Sempre che ci sia un futuro. Sono molte le aziende che decidono di delocalizzare verso Paesi nei quali la manodopera costa
meno. Questo argomento non sembra però preoccuparli molto. Sono tutti concordi nel ritenere il Trentino una realtà a parte,
grazie anche alle massicce sovvenzioni erogate dalla Provincia per mantenere stabili i livelli occupazionali. E se questo
garantisce sicurezza per il presente, anche il futuro che traspare dalle loro parole sembra carico di speranza: “Nel giro di
pochi anni anche i paesi dell’Est dovranno accrescere i diritti garantiti ai propri lavoratori; e questo frenerà certamente la
fuga delle ditte italiane. E poi, passata la crisi economica, è sicuro che il settore tornerà ad assumere: probabilmente non
più camionisti, ma certamente magazzinieri, ‘mulettisti’ e addetti allo stoccaggio dei materiali in generale”. O più
semplicemente, operai della strada.
Diamo I Numeri
Il settore dei trasporti in Trentino
La tendenza da parte delle piccole aziende ad aggregarsi per reggere alla concorrenza del mercato Comunitario o, in generale,
sparire, sempre a causa di questa, trova conferma nella tabella sottostante. Dalla prima riga si osserva come, in generale, tra il
2000 e il 2009, il numero di ditte nel settore dei trasporti su strada si sia ridotto del 9% (valore ottenuto sottraendo al valore
del 2009, 91, quello di riferimento del 2000, 100). Questo dato nasconde le differenti tendenze in atto a seconda della forma
societaria. Se le società di capitali, di dimensioni maggiori, sono aumentate del 48%, le ditte individuali, più piccole, nel lasso
temporale che va dal 2004 al 2009, si sono ridotte del 21%.

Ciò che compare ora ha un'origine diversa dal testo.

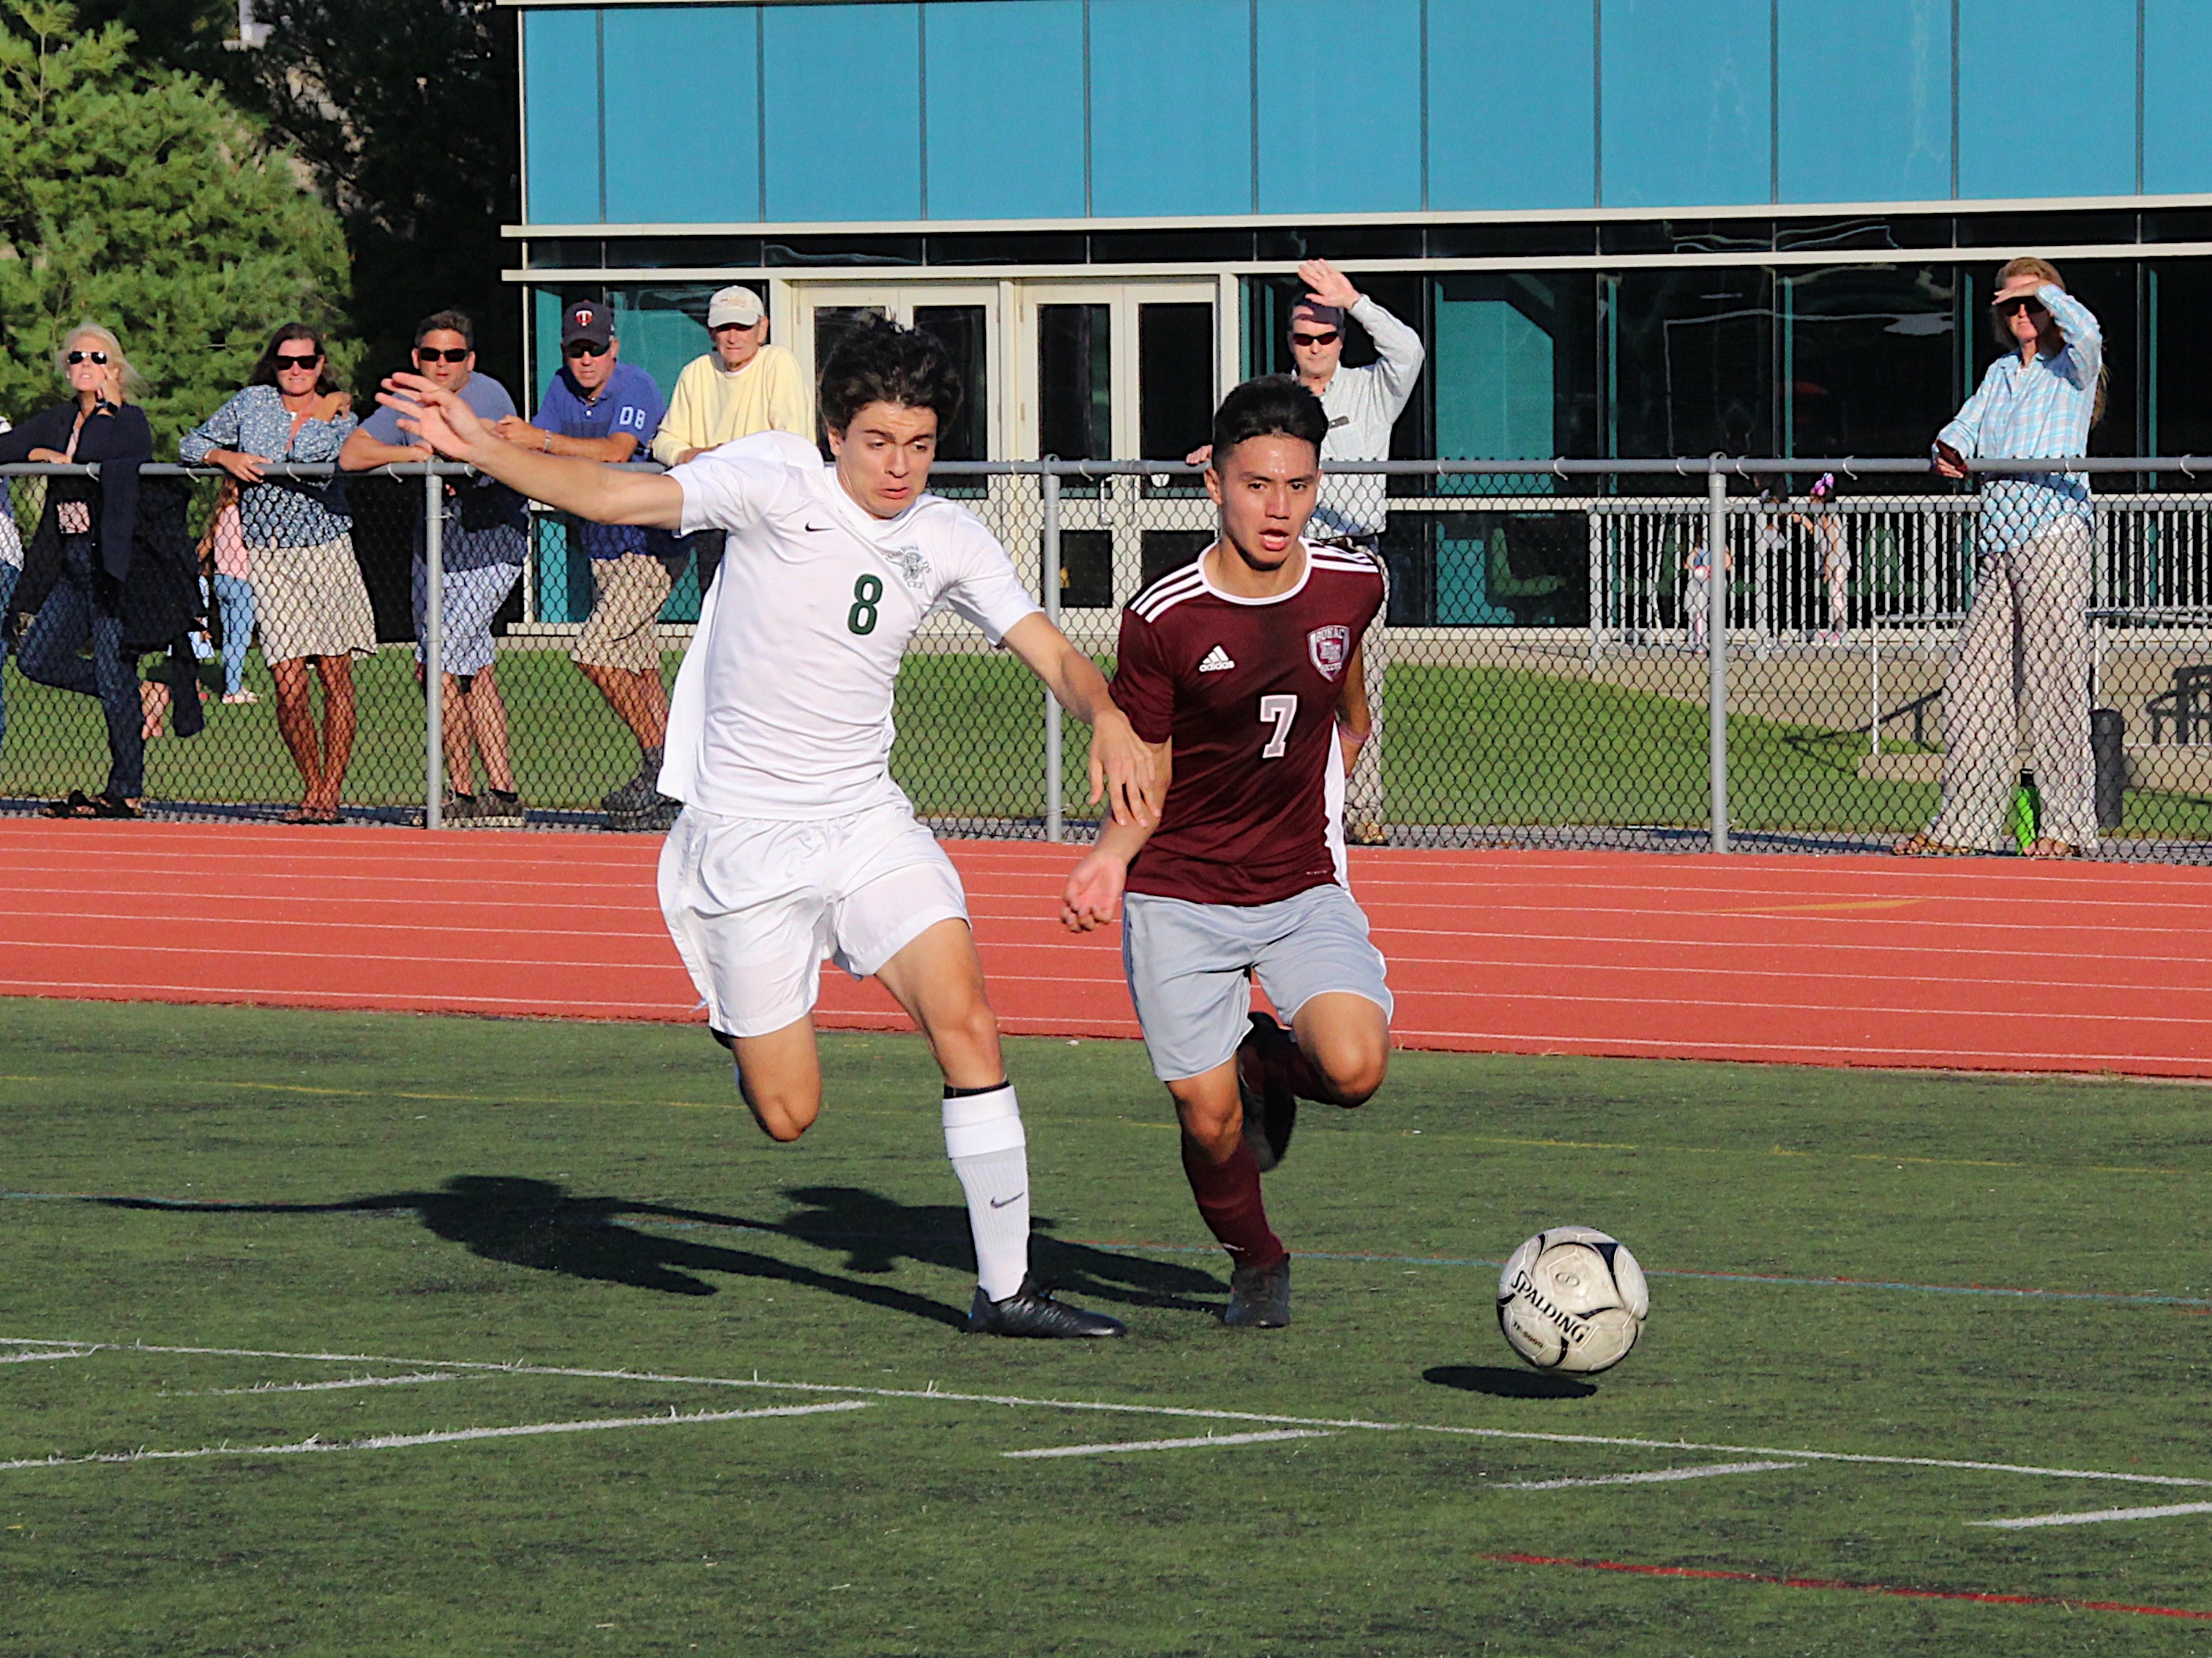 An East Hampton player plays the ball in the corner against Harborfields at home on September 24.

Anche la visione abbastanza ottimistica del futuro sembra giustificata. I dati sia per quanto riguarda la variazione del
fatturato sia dell’occupazione sono molto positivi. Nel corso dei primi mesi del 2010, grazie anche all’elevata incidenza del
mercato estero sui rendimenti del settore, quello dell’autotrasporto è l’attività che si connota per la crescita più sostenuta.